PROBLEM STATEMENT → Only one stretch of the listing below is wanted. Give it again exactly, from the line with "Shelby Super Snake Sport" through the line with "Vtg 1979 Wham-o".

GIVEN DATA →

%%

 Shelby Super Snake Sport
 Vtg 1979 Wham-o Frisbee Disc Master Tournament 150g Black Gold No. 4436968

%%
%%

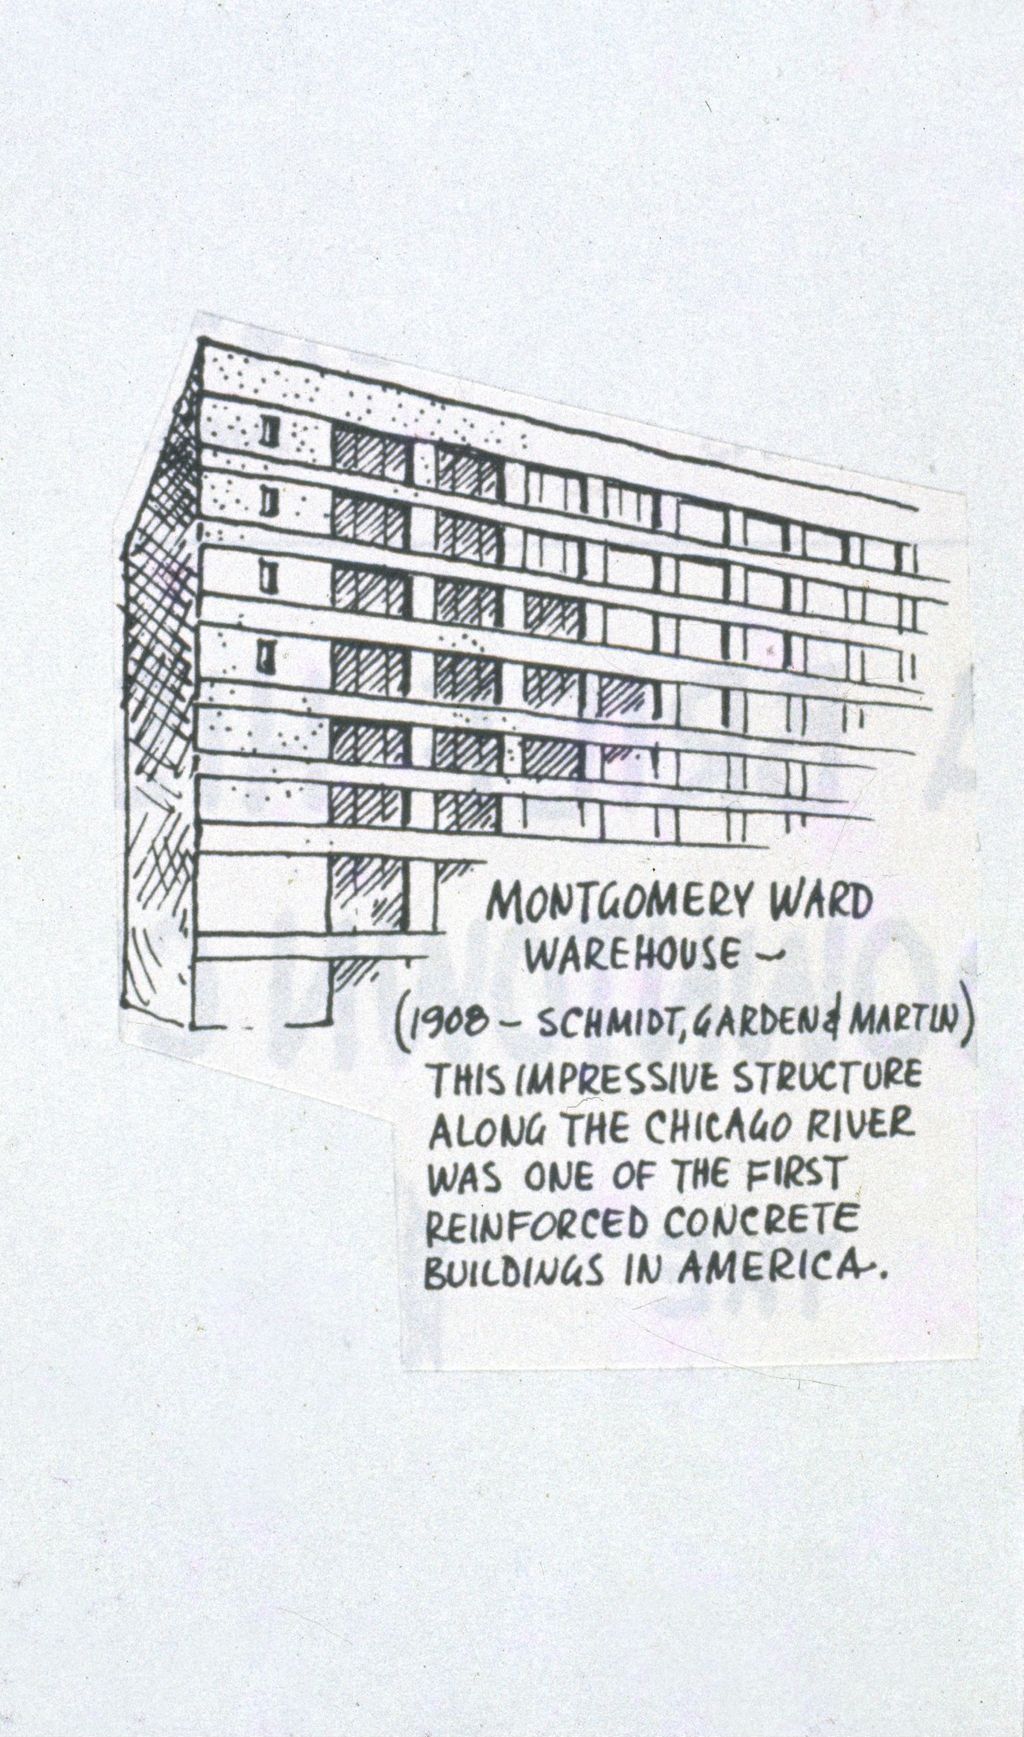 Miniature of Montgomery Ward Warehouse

%%
%%

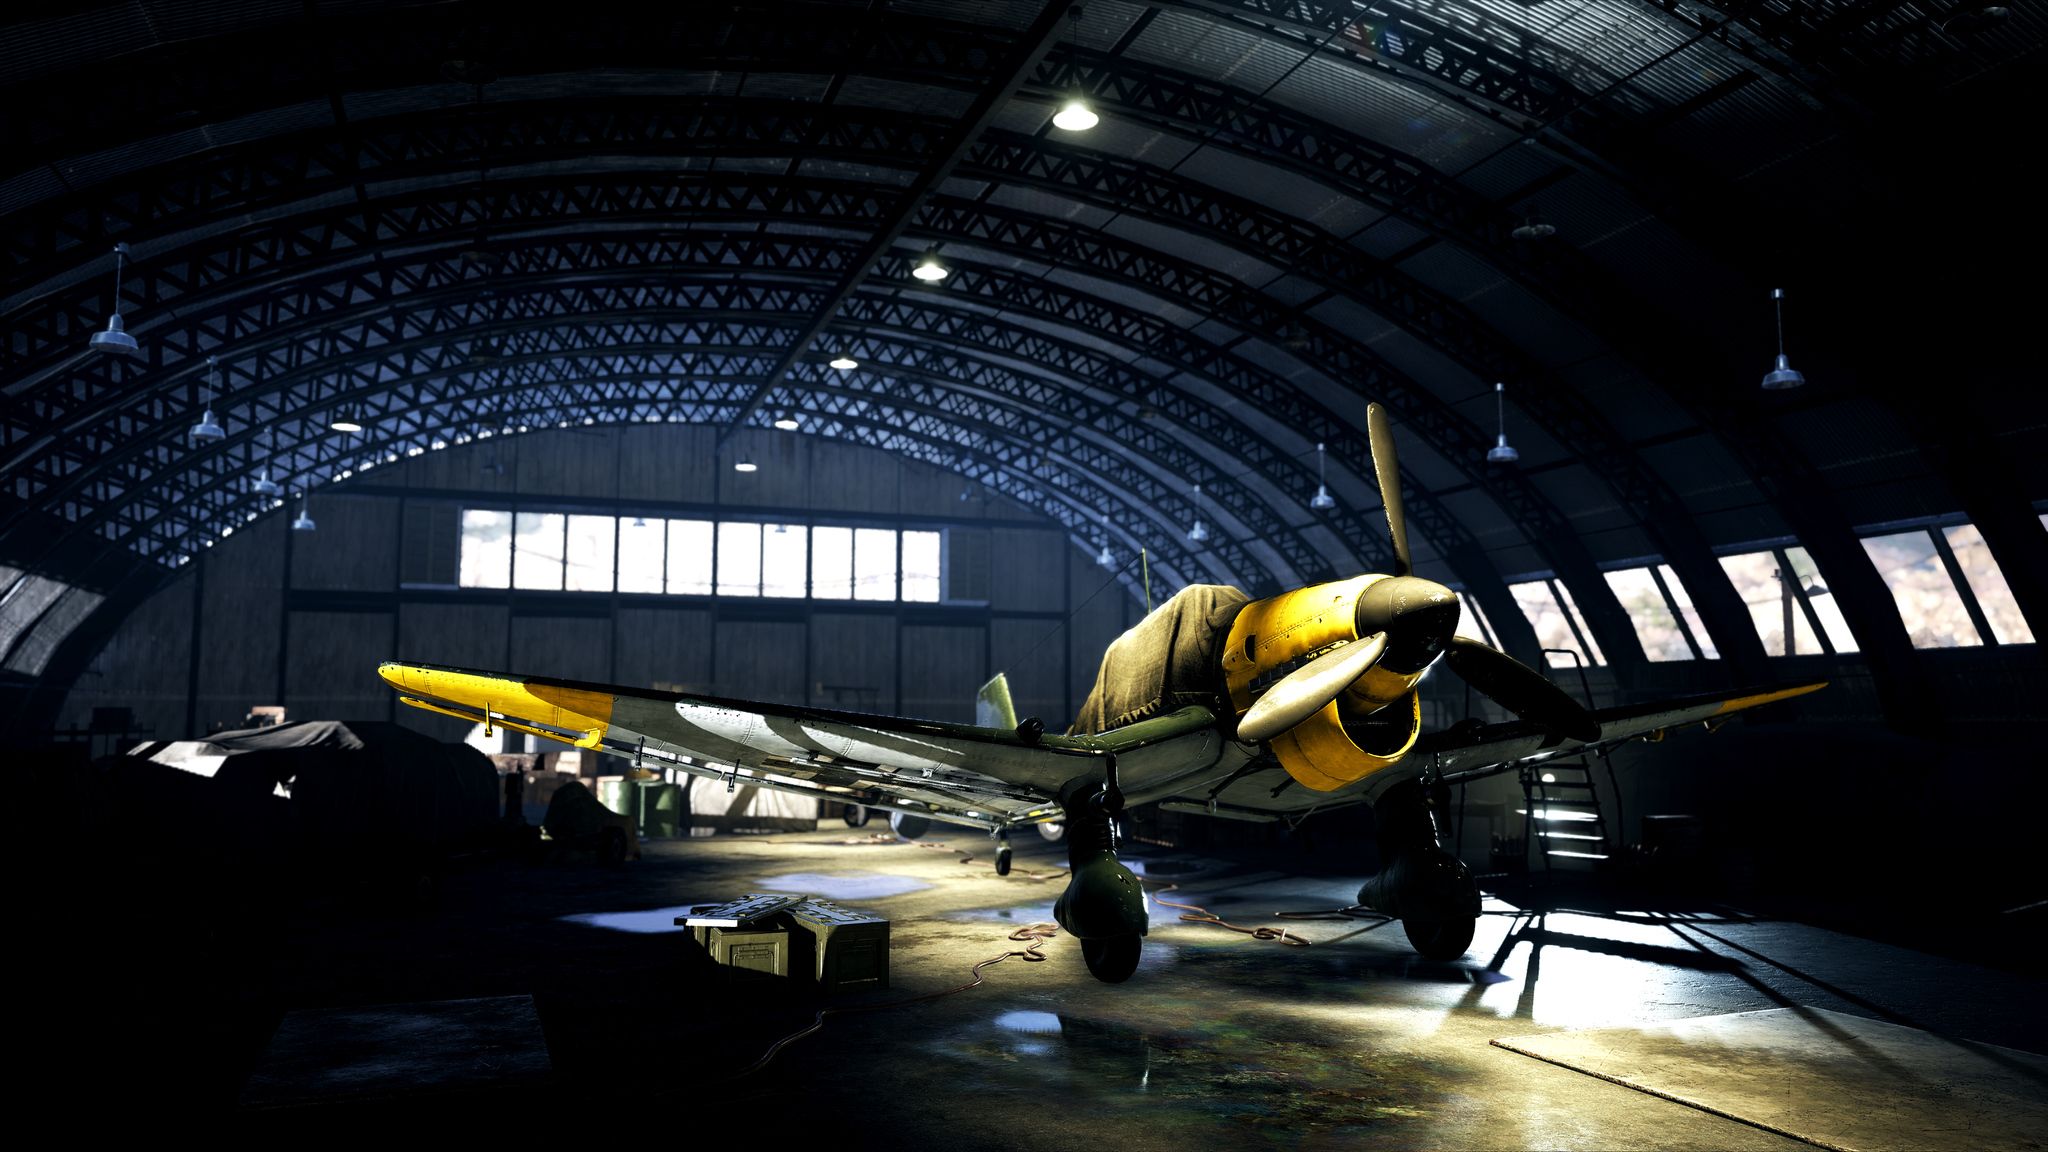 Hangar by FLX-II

%%

RESULT OF THE TASK →
 Shelby Super Snake Sport
 Vtg 1979 Wham-o Frisbee Disc Master Tournament 150g Black Gold No. 4436968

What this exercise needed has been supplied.